No, the Cowboys’ offensive line isn’t the MVP. Whenever a great player bursts onto the scene, there’s an inevitable backlash of people who want to claim that player isn’t really so great. This year, there’s been a backlash against both of the Cowboys’ great rookies, Dak Prescott and Ezekiel Elliott. And the backlash has taken the form of claiming that the Cowboys’ offensive line really deserves the credit that Prescott and Elliott are getting. I’ve even seen arguments that the Cowboys’ offensive line deserves to be the MVP of the league, a bizarre claim that defies the very idea of what an MVP is. (It’s a most valuable player, singular, not a most valuable group of players, and you can’t give it to a whole offensive line just like you can’t make an entire secondary the Defensive Player of the Year.) But if you watched Elliott and Prescott play yesterday against a very good Ravens defense, I hope it was obvious what special players they are. No, not just “anyone can run behind the Cowboys’ line,” as I’ve seen people say. Yesterday Elliott ran for 97 yards and put the game away late, while backups Alfred Morris and Lance Dunbar, running behind that same Cowboys line, combined for five yards on three carries. Both Morris and Dunbar have career-low yards per carry averages this season, strongly suggesting that not just “anyone” can run behind that Cowboys line. Prescott had 301 yards, three touchdowns and no turnovers. You don’t do that just because your line is protecting you. The Cowboys have the same offensive line this year that they had last year, when they had perhaps the worst offense in the NFL. Prescott and Elliott are the reason for this year’s turnaround.
Chip Kelly’s personnel mistakes are legion. When you look at this year’s Eagles, it’s really stunning to see that they’ve built a good team despite inheriting a huge personnel mess from Chip Kelly. Last year, when Kelly was given total control over all the personnel decisions, the team stunk. This year, they’ve tried to reverse almost all of his big moves: They traded away Sam Bradford, DeMarco Murray, Byron Maxwell and Kiko Alonso, and they’d love to trade away Kelly’s first-round pick, Nelson Agholor, if only anyone would take him in a trade. (An awful Agholor drop yesterday is what made me decide to mention this.) The 5-5 Eagles are probably a year away from getting back to the playoffs, but it’s a testimony to G.M. Howie Roseman and coach Doug Pederson that they’ve been able to pick up the pieces in Philadelphia, because the team Kelly left them was in shambles.
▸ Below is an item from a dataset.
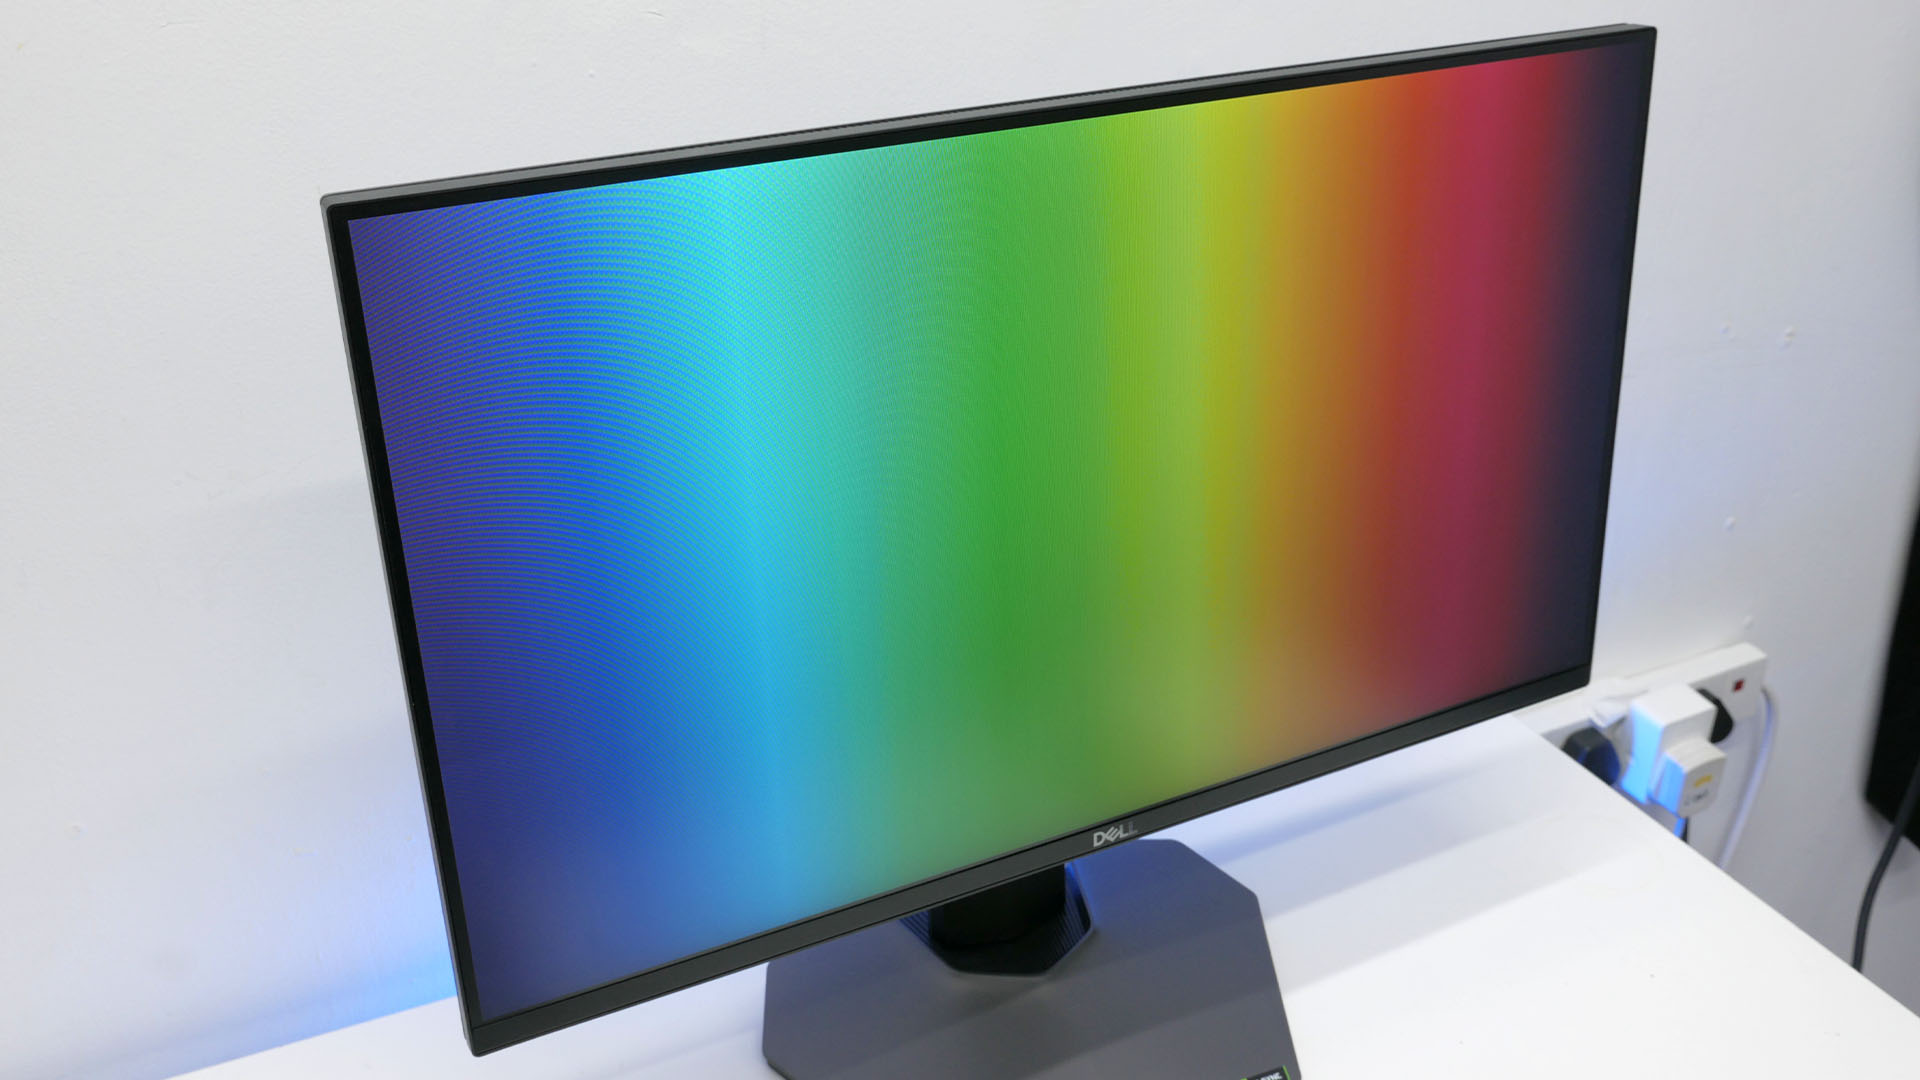 Dell G2524H review image showing the monito with a rainbow gradient on it.

Bill Belichick, analytics maven. Belichick got some laughs when he scoffed last week about analytics websites, but as I detailed here, Belichick is actually a believer in analytics. He may not be a believer in the publicly available data online, but Belichick considers the Patriots’ football research director Ernie Adams one of his closest advisors, and he studies statistics closely. Given that, I have high hopes that Belichick will be the first coach to eschew extra point kicks and make the two-point conversion the norm. That’s the future of football.